This task calls for the lines below starting at the one containing "Illustratie voor de" and ending at the one containing "Little blond girl, two", repeated exactly with both ends kept and pictures left out.

***** Input

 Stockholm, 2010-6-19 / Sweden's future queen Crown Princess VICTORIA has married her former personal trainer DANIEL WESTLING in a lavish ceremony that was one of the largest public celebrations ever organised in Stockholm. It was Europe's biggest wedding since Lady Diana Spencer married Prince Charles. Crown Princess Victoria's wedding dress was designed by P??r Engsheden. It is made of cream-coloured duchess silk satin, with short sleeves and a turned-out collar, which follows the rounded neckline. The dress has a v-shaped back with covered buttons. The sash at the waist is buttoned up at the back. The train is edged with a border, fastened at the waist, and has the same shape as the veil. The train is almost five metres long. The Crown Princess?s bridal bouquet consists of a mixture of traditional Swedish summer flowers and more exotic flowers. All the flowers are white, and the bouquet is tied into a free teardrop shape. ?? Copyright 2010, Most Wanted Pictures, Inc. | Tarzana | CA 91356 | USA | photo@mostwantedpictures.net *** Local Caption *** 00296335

**********
***** Input

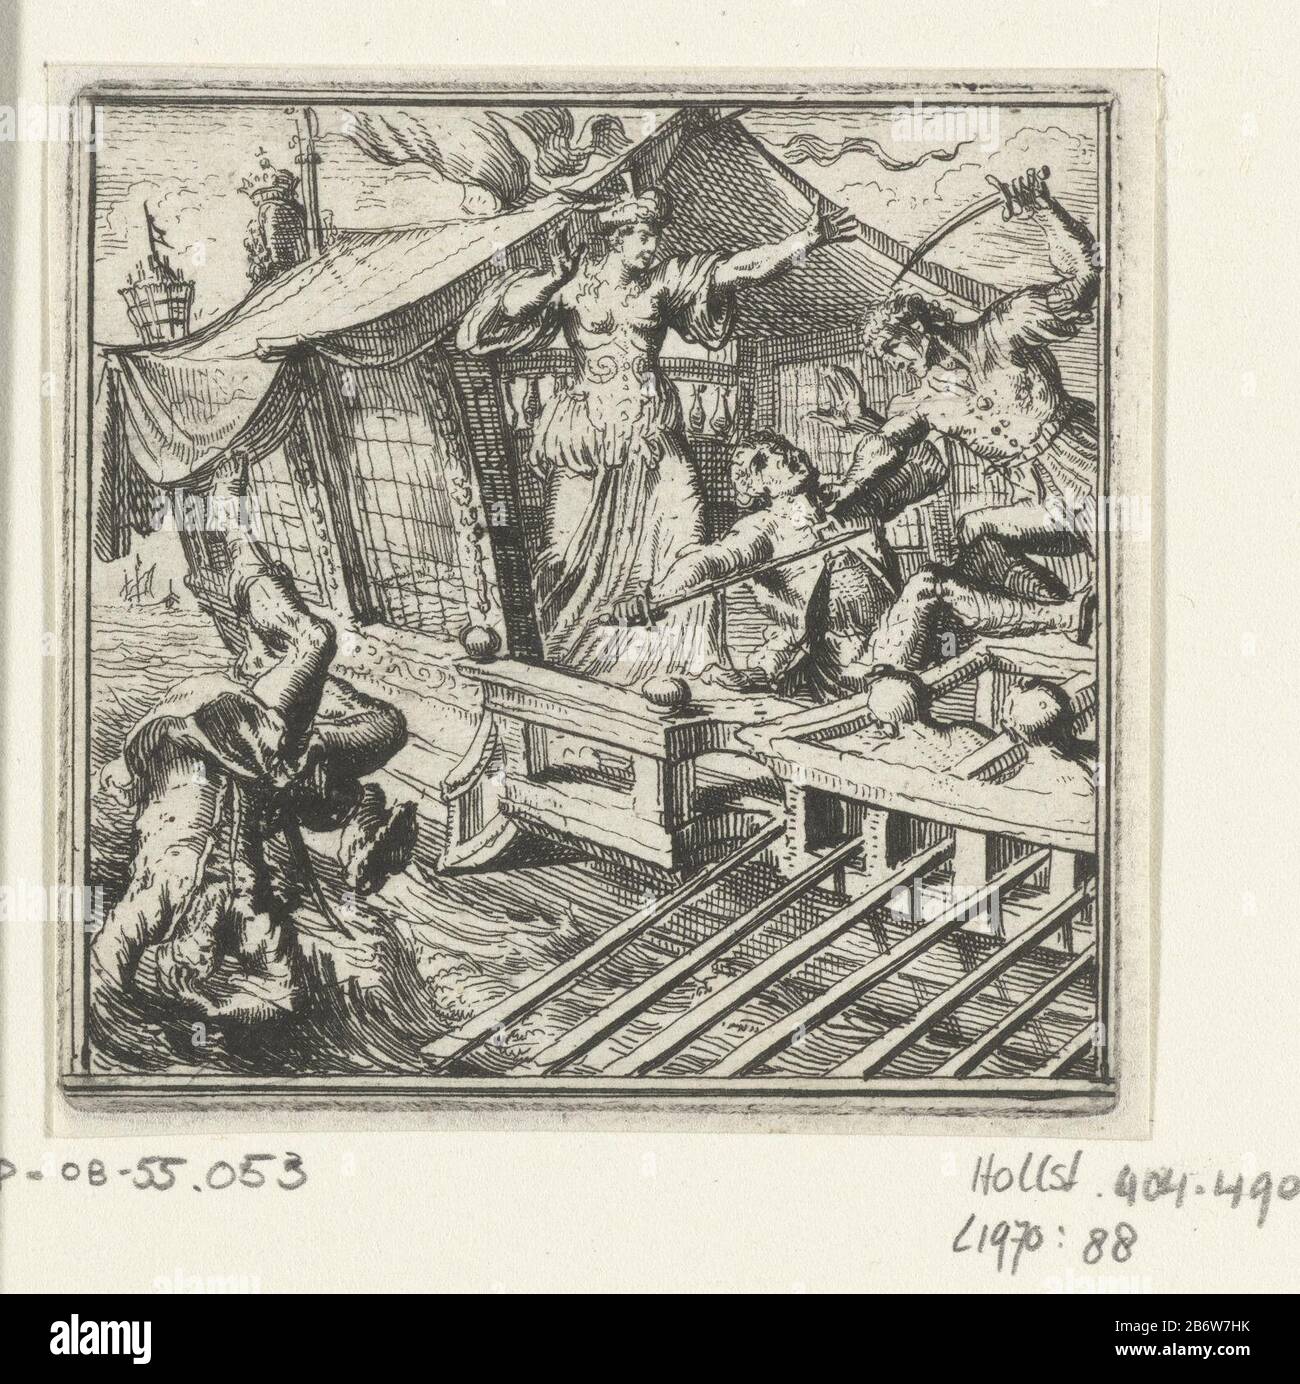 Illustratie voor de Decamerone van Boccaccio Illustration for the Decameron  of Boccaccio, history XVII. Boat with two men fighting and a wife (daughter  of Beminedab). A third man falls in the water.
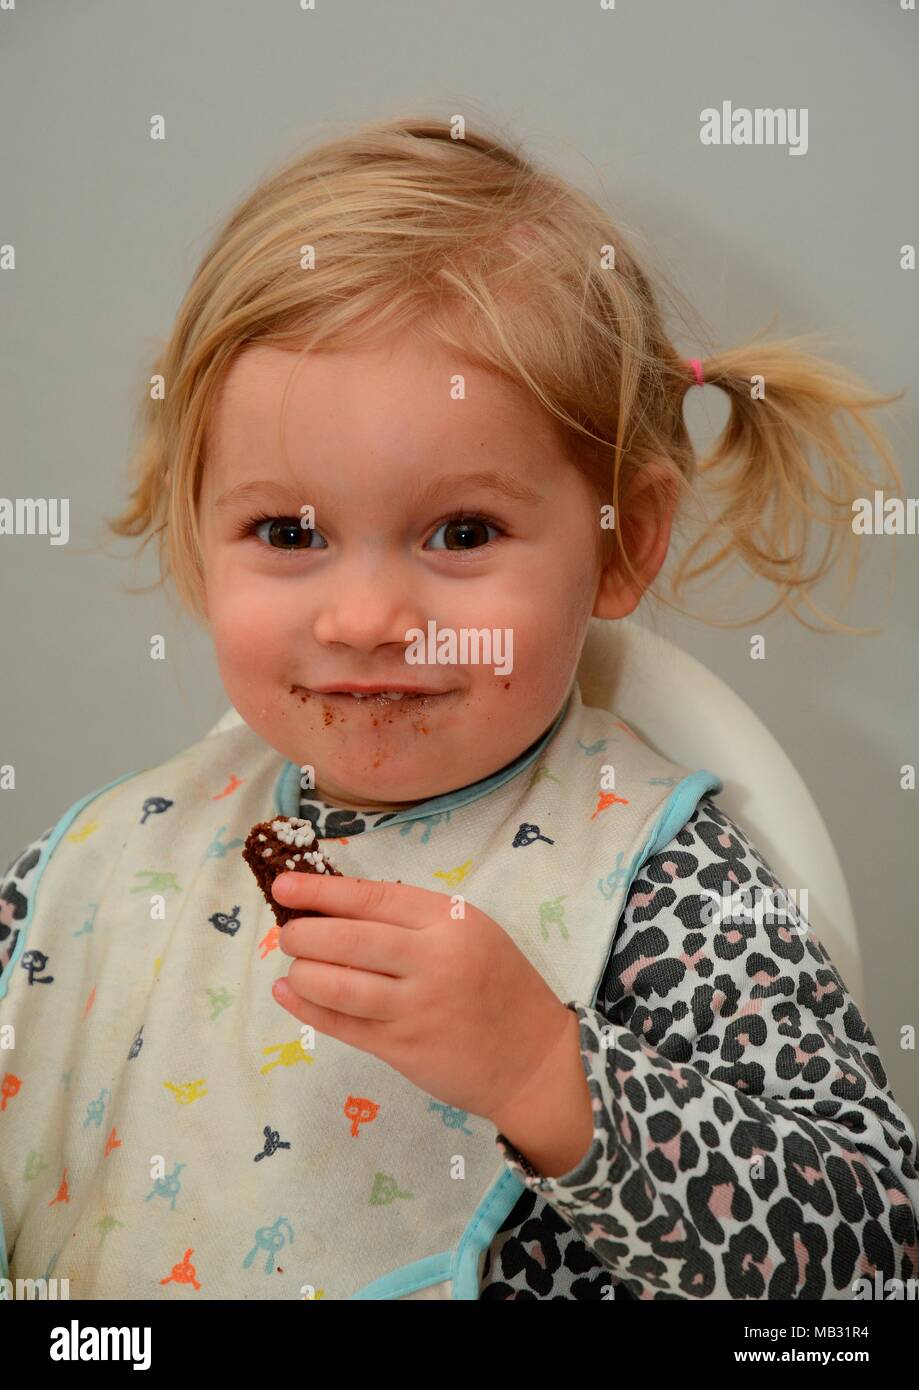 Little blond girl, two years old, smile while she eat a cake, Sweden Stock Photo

**********
***** Input

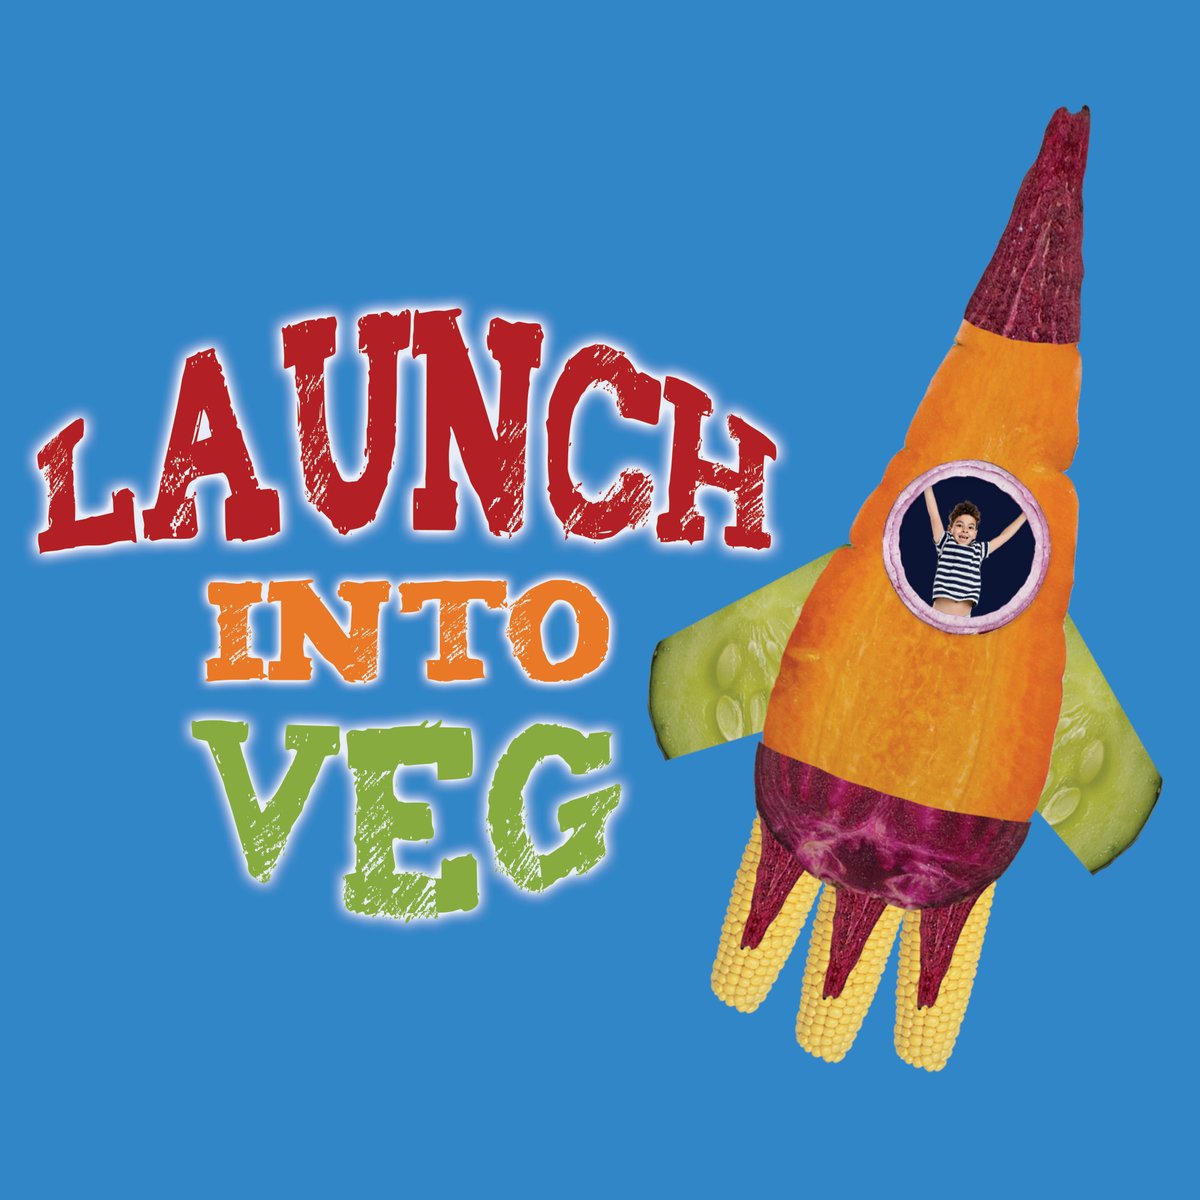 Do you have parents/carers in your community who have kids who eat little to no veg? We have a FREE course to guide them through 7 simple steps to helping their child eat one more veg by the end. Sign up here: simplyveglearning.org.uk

**********

- Task result -
 Illustratie voor de Decamerone van Boccaccio Illustration for the Decameron  of Boccaccio, history XVII. Boat with two men fighting and a wife (daughter  of Beminedab). A third man falls in the water.
 Little blond girl, two years old, smile while she eat a cake, Sweden Stock Photo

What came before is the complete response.